Question

Could you help me to solve the problem below the cost for producing x items is 50x+300 and the revenue for selling x items is 90x−0.5^2 the company makes is how much it takes in (revenue) minus how much it spends (cost).Recall that profit is revenue minus cost. Set up an expression for the profit from producing and selling x items.
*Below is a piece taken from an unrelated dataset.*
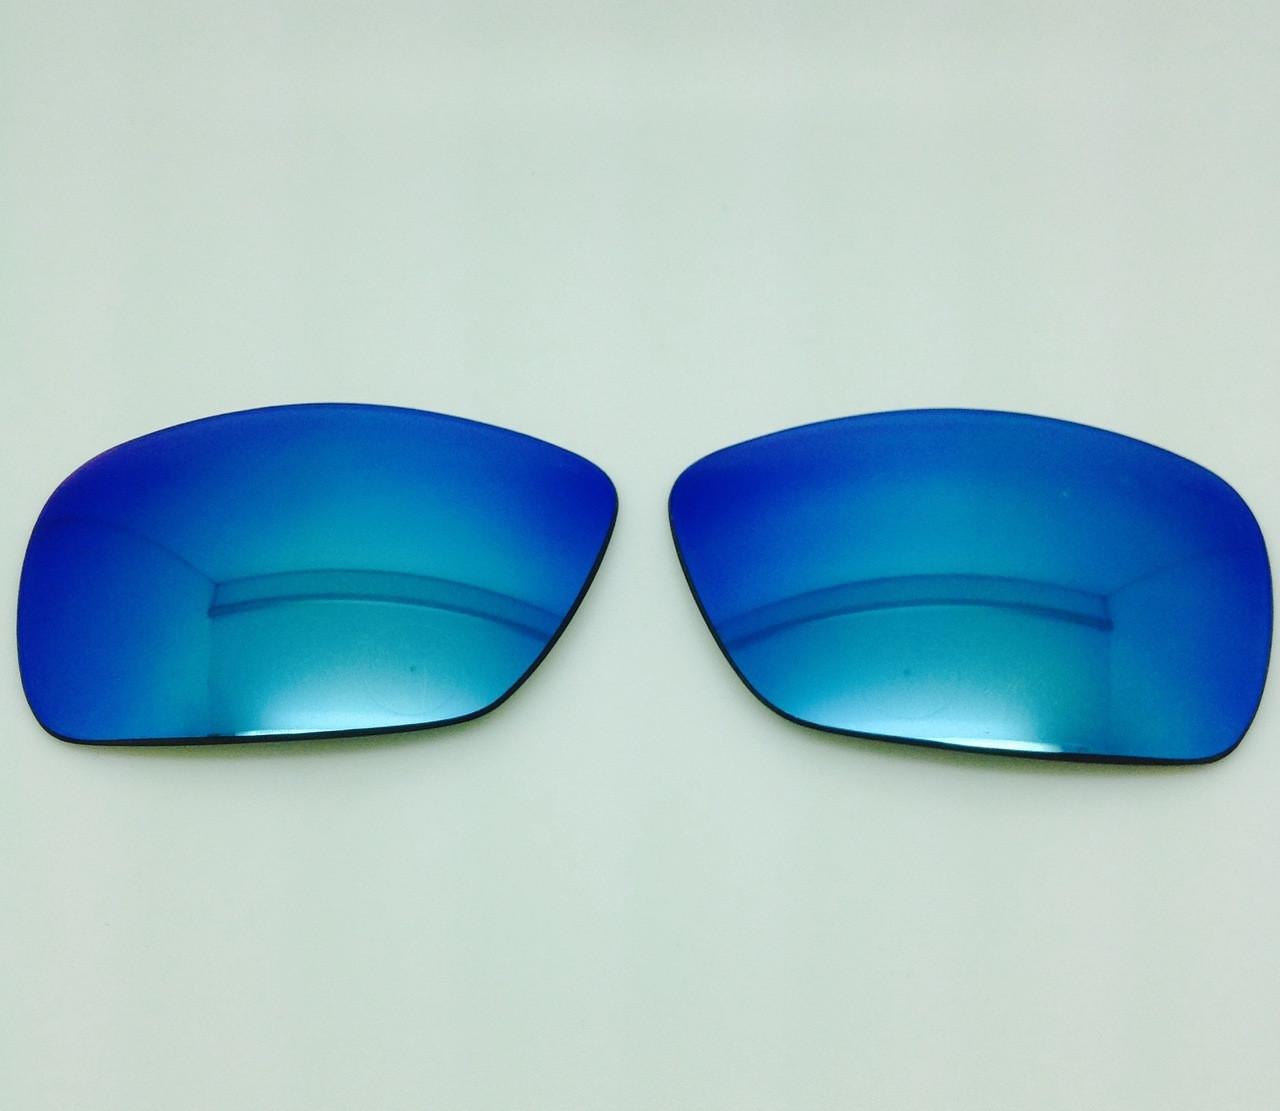 06825bfe529 ... Custom Kaenon Hard Kore Blue Mirror Polarized Lenses. Image 1

Find two values of x that will create a profit of $50. Is it possible for the company to make a profit of $2,500? Please explain

Answer 1

Profit function:
`P(x) = -0.5x^2 + 40x - 300`

Values where the profit is $50:
`x_1 = 70`,
`x_2 = 10`

It is NOT possible to make a profit of $2,500, the maximum profit is $500.

Explanation:

To find the profit function P(x), we just need to calculate the revenue function R(x) minus the cost function C(x).

In our case, the cost function is:

`C(x) = 50x+300`

And the revenue function is:

`R(x) = 90x - 0.5x^2`

(I'm assuming this is the correct revenue and the question is missing an 'x' after 0.5 and before '^2')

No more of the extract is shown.